Teachers earning degrees from Nicholls pass their initial certification exams at much higher rates than their counterparts at other colleges and universities in the state.Out of 150 students who completed the Nicholls Teacher Education Program in 1999-2000, 141 (94 percent) passed the PRAXIS teacher certification exam on the first attempt, Dr. Obie Hill, dean of the College of Education, said.
The statewide passage rate was 87 percent.
The PRAXIS exam consists of many components.
“The PRAXIS is designed to evaluate a teacher’s readiness for certain parts of the teaching profession,” Hill said.
“The first three parts of the PRAXIS is called the Pre-Professional Skills Test. That is supposed to evaluate a person’s readiness to go into the teacher-education program.”
The PPST, testing for basic skills, consists of three sections: reading, writing and mathematics.
“Basically, the state is saying that if a person cannot pass basic skills, then he can’t hope to go in and teach children basic skills. The next part of the PRAXIS is the content specialty area,” Hill said.
The content specialty area test is designed to evaluate how well a teacher candidate is prepared in his undergraduate program. This test covers content knowledge as well as educational and management skills.
“It covers the whole spectrum of what teachers will be doing in the classroom,” he said.
Hill said the PRAXIS is serving the function the National Teacher Examination once served.
“The NTE was basically measuring what you know, and the PRAXIS is getting at not only what you know, but what you are capable of doing,” he said.
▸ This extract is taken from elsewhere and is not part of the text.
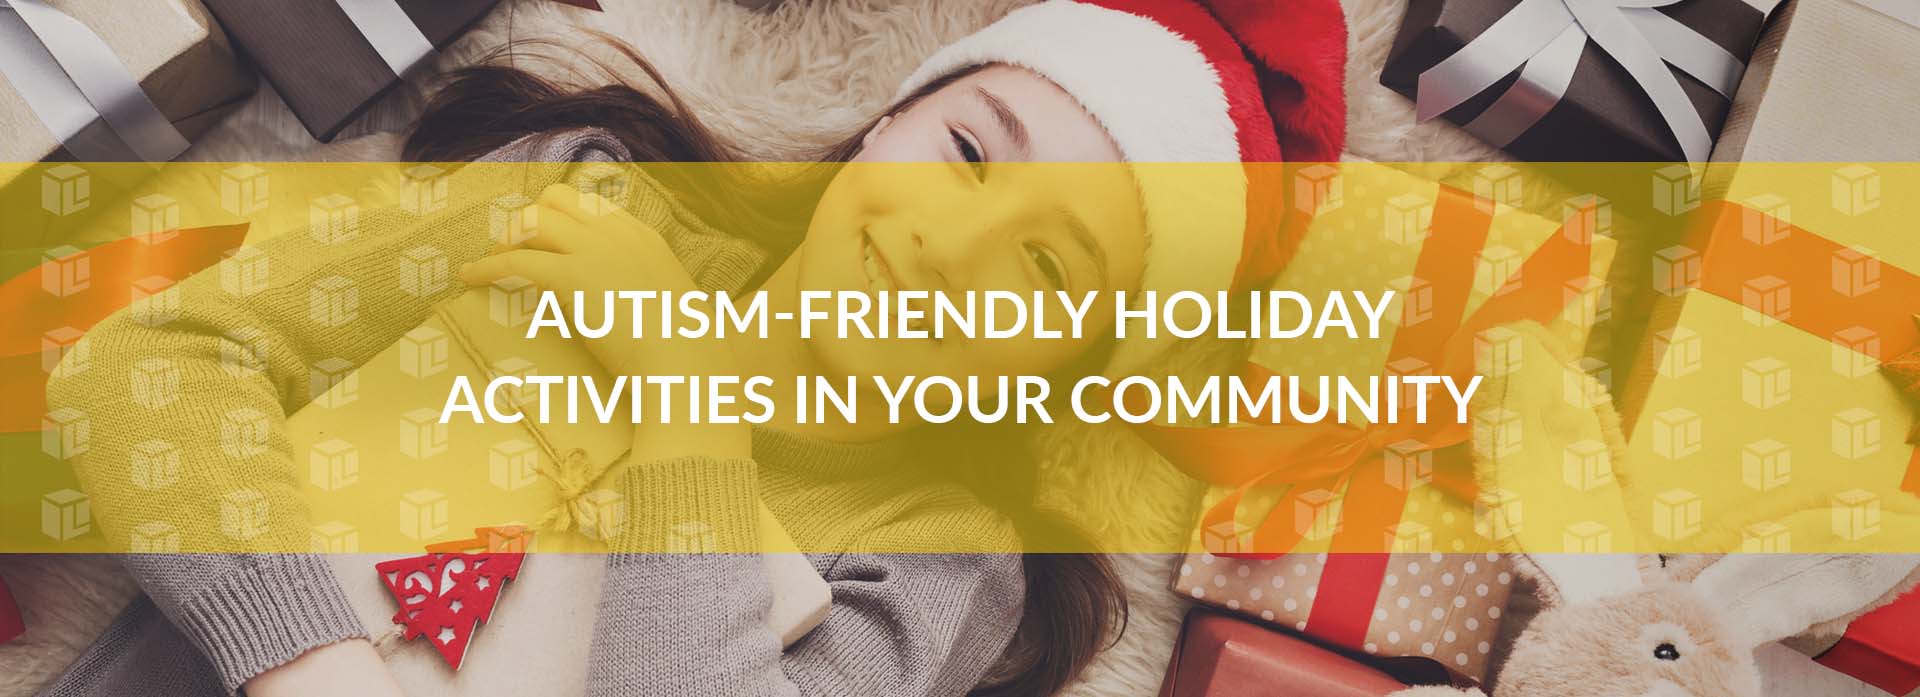 Autism-Friendly Holiday Activities In Your Community

He is confident of the results.
“We feel like we have one of the best teacher education programs in the state. We are still dealing with a population of students which is, for the most part, first-generational. So, we take a lot of students who need remedial courses when they come into Nicholls, and we have one of the highest PRAXIS passing rates in the state.
“If you want to use a sports analogy, at some universities they start at the 20-yard line, and at Nicholls we start at the one-yard-line, but we still finish. We’re still hitting the end zone,” Hill said.
“So, because of our strong content over in the College of Arts and Sciences and because of our strong pedagogical faculty, plus the fact that we mix a lot of content and pedagogy even in our methods courses, we feel like we are really preparing the students, and the test scores are evidence of that.”
Louisiana has admission standards for teacher education programs.
“We follow the state requirements for admitting people into teacher education really closely. You have to have a 2.5 [GPA] and you have to pass the PPST to get into teacher education,” Hill said.
The requirements, written into state statutes, are not only a component of certification, but a requirement for entry into the Teacher Education program at Nicholls.
Change is a constant at universities, and changes will soon come for the College of Education.
“Effective this fall, we are saying you have to have all parts [of the PRAXIS] passed before you can student-teach,” Hill said.
Also, the state will have a new certification structure, facilitated by recommendations from the Blue Ribbon Commission.
“In the first annual report, they recommended that the certification structure in Louisiana be redesigned from grades one through eight and seven through 12 into four areas, not two.
“You’ll have a pre-K to three certification, a one through six certification, a four through eight certification and a seven through 12 certification,” Hill said.
“The curriculum is supposed to go into effect in the fall of 2002.”